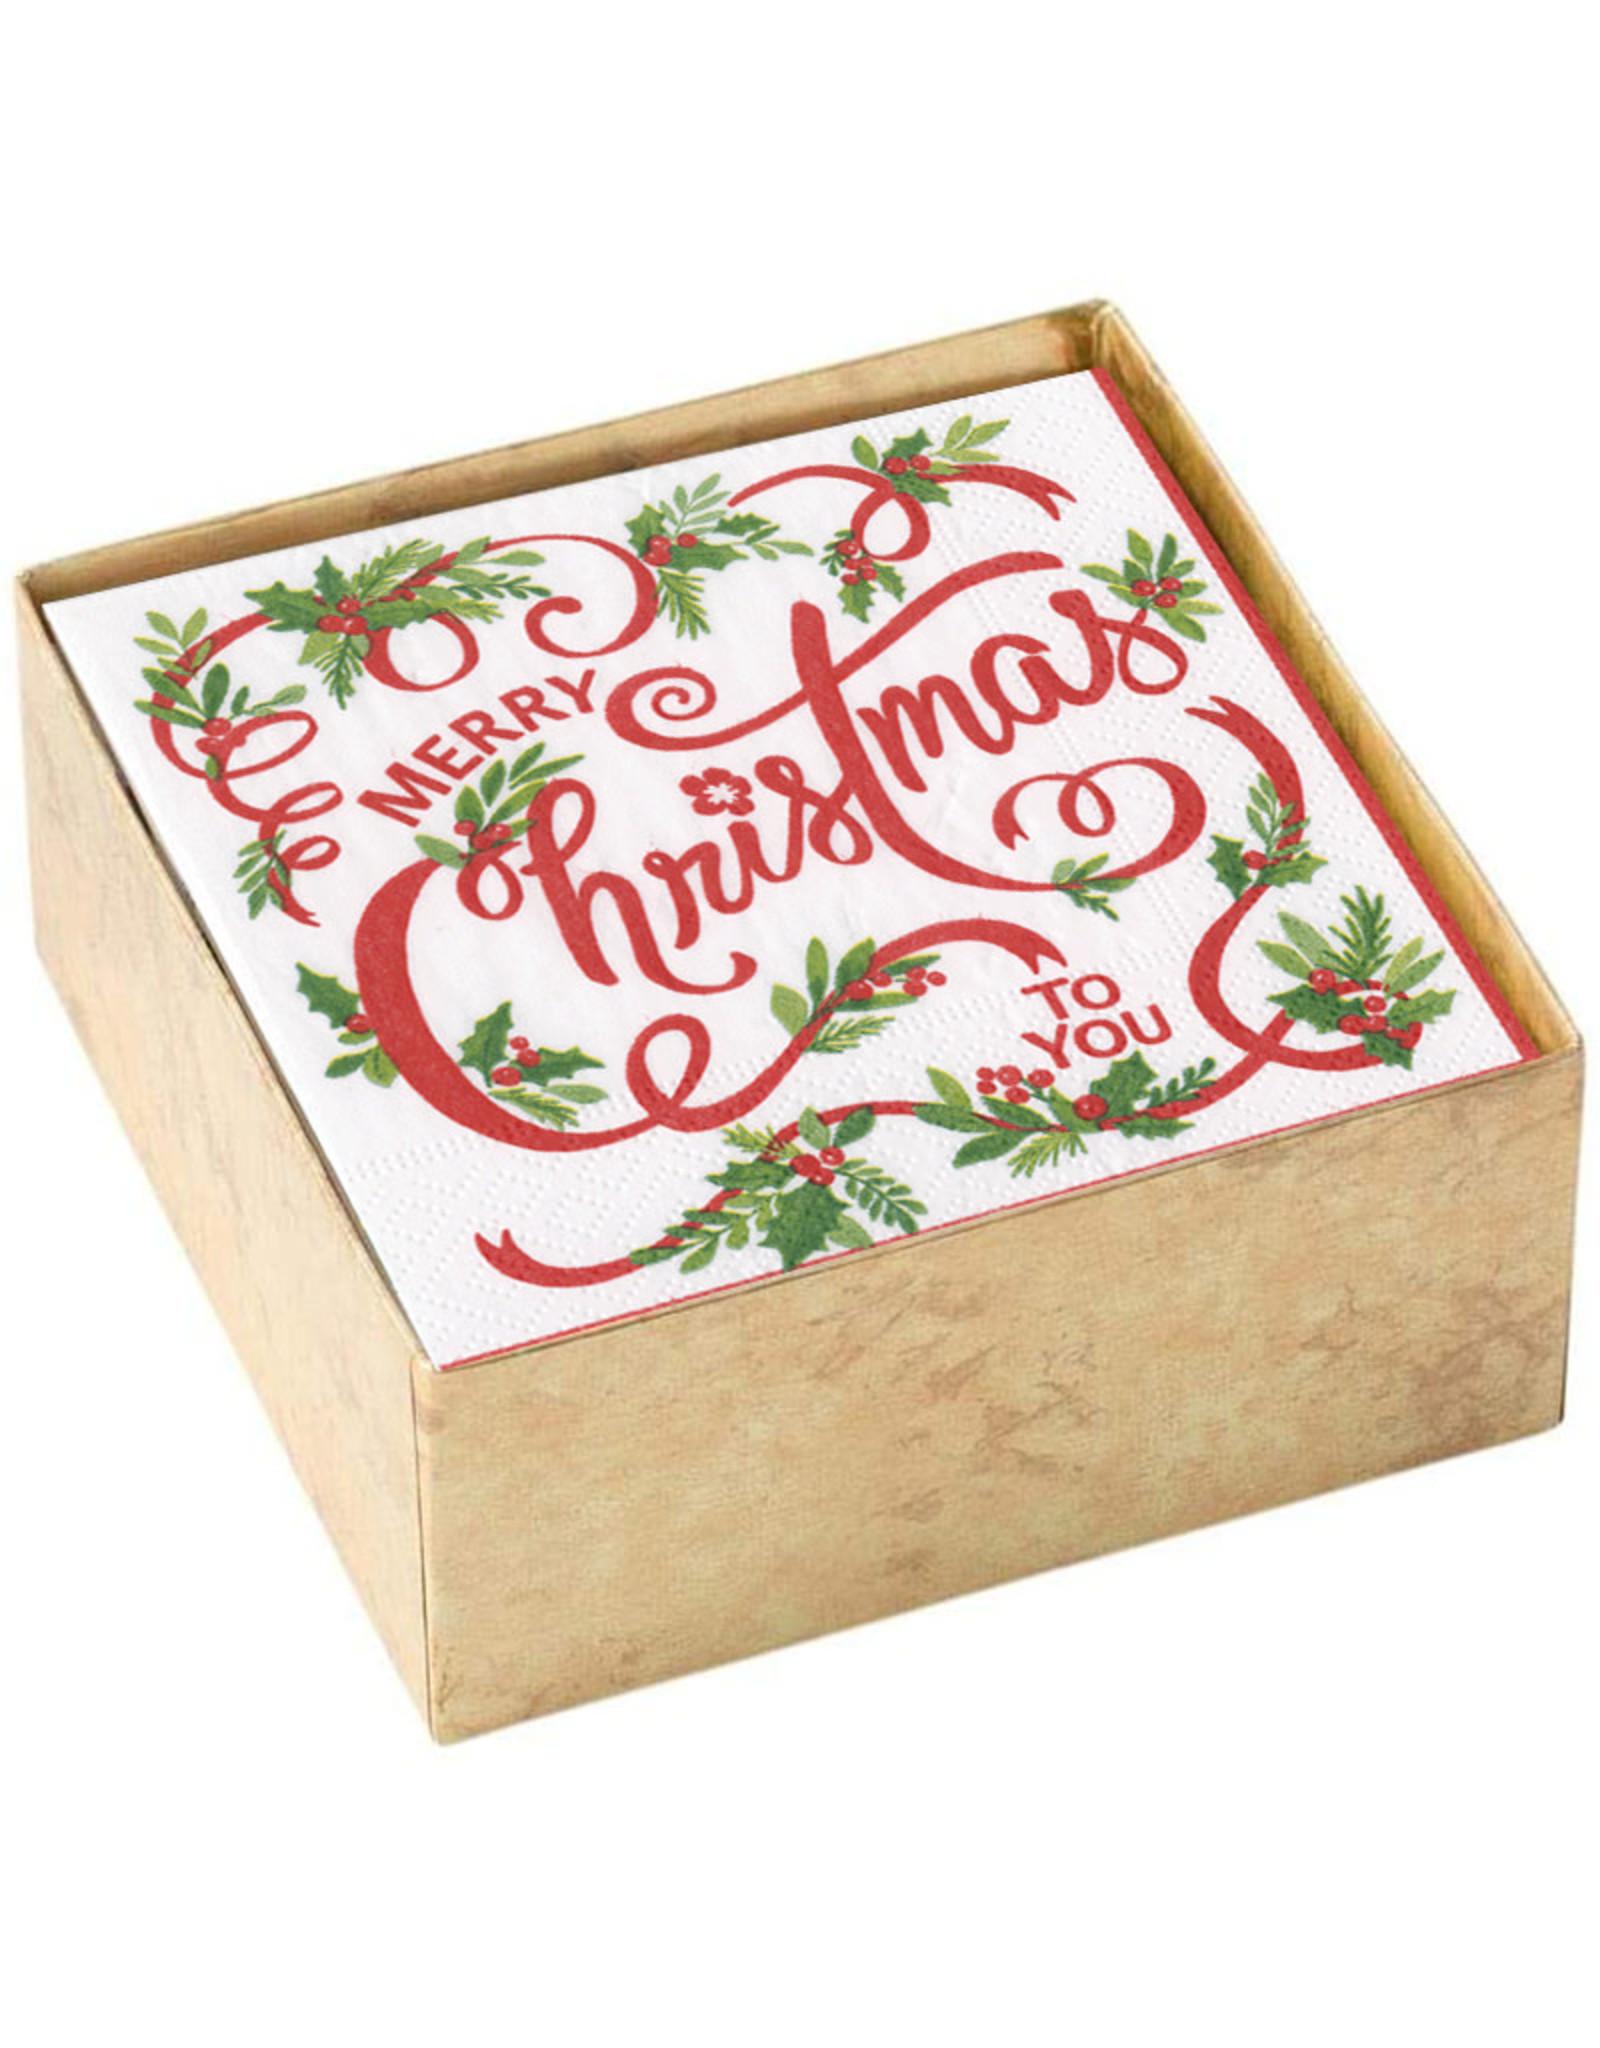 Caspari Boxed Christmas Paper Cocktail Napkins 40pk Merry Christmas To You
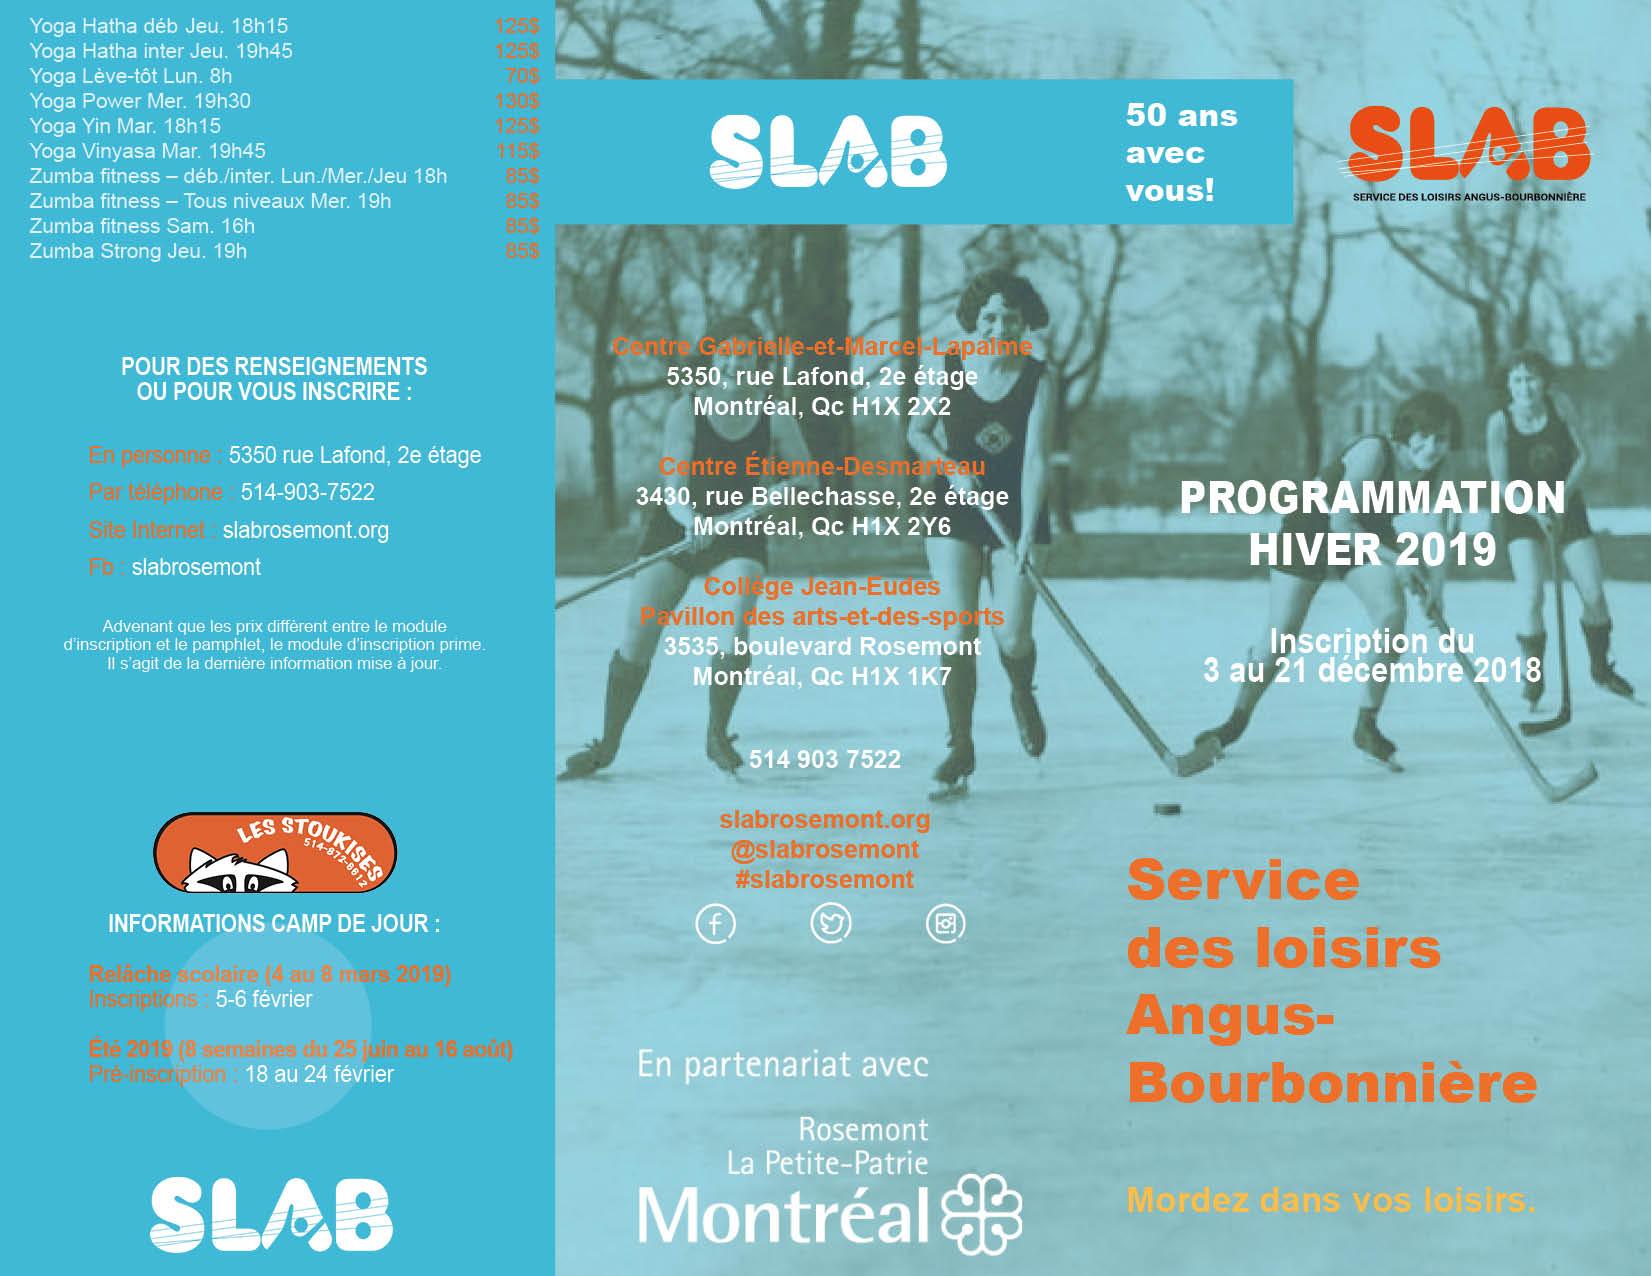 SLAB Brochure EXTER - Hiver 2019
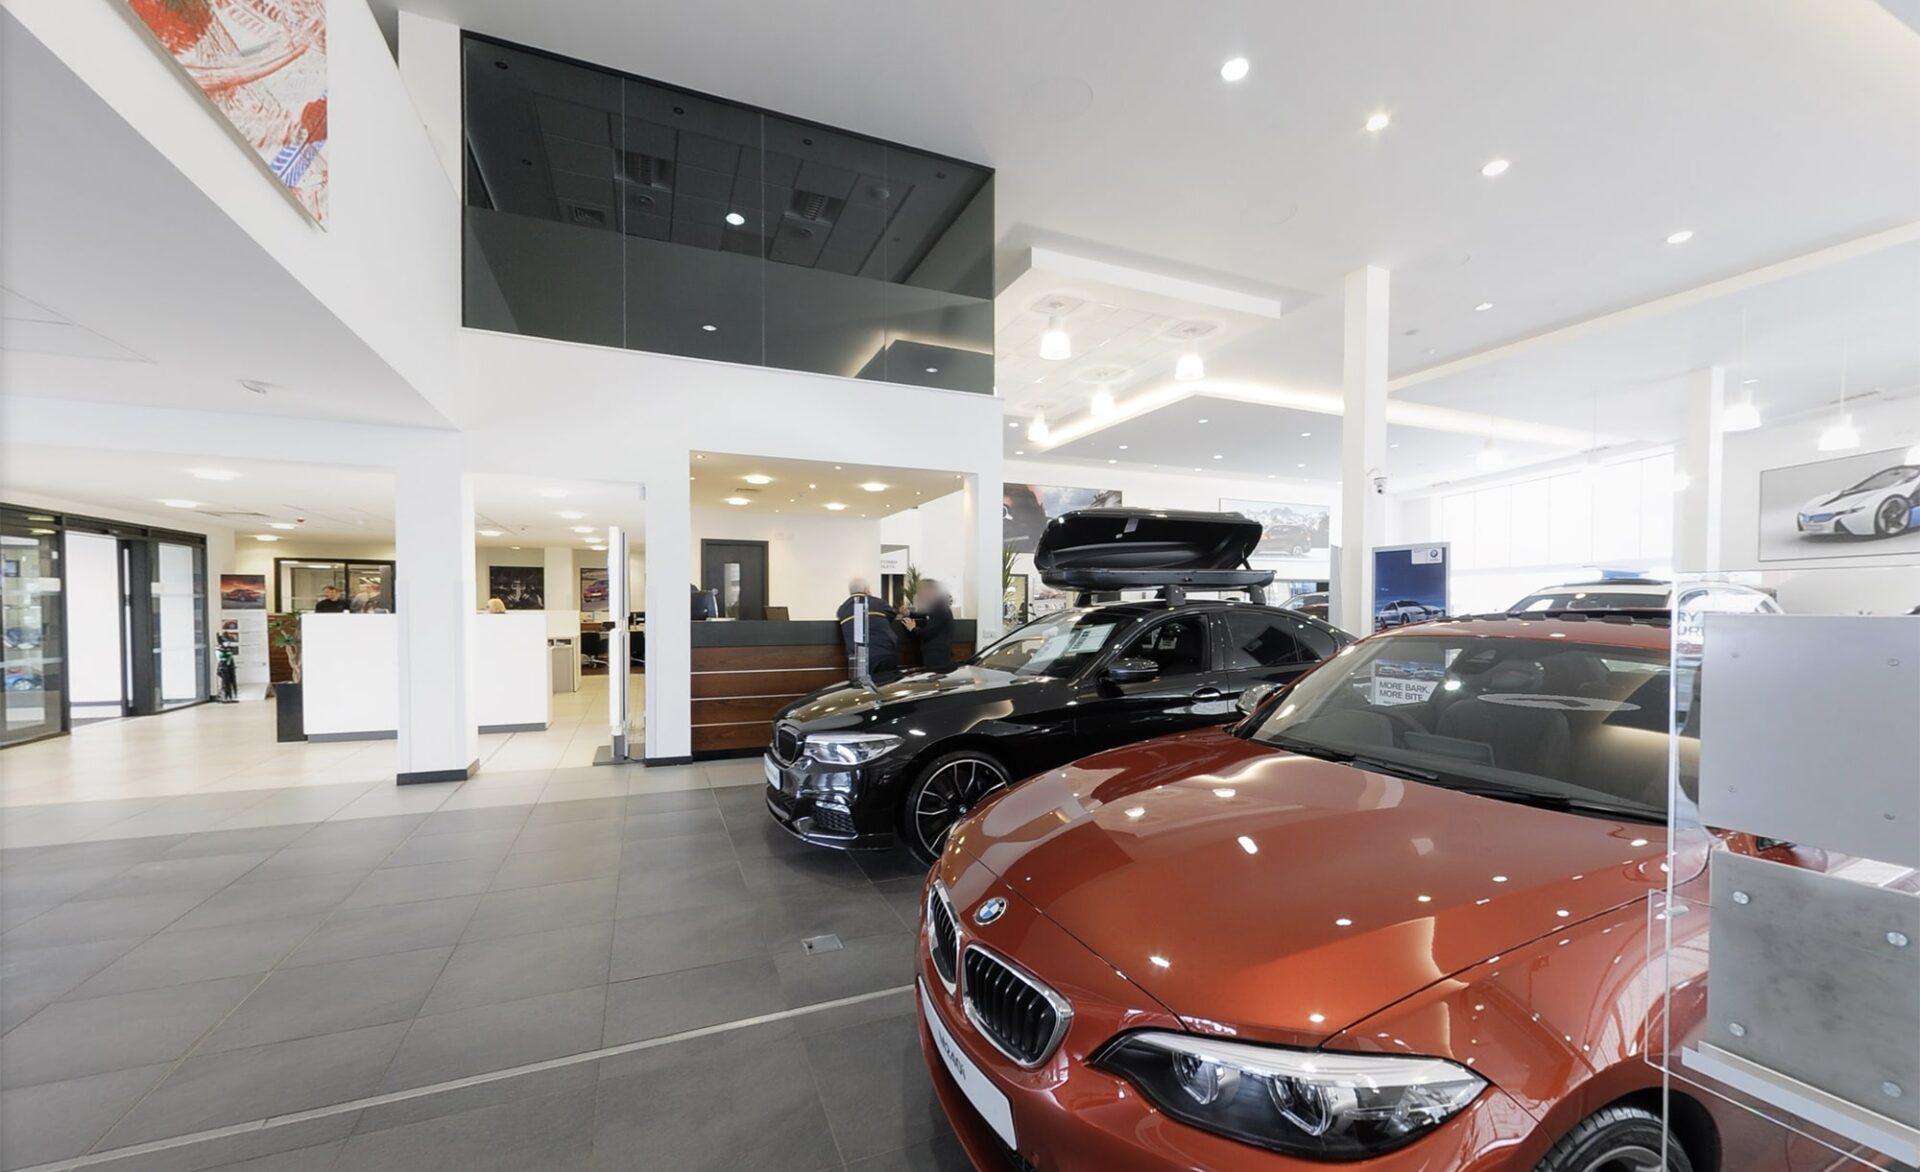 Rybrook Wolverhampton BMW Google Maps Business View Photography

▸ **What you have to do**
Extract the lines beginning with the one that contains "SLAB Brochure EXTER - Hiver 2019" and ending with the last line of the listing. Keep them exact and drop the pictures.

▸ **Task response**
 SLAB Brochure EXTER - Hiver 2019
 Rybrook Wolverhampton BMW Google Maps Business View Photography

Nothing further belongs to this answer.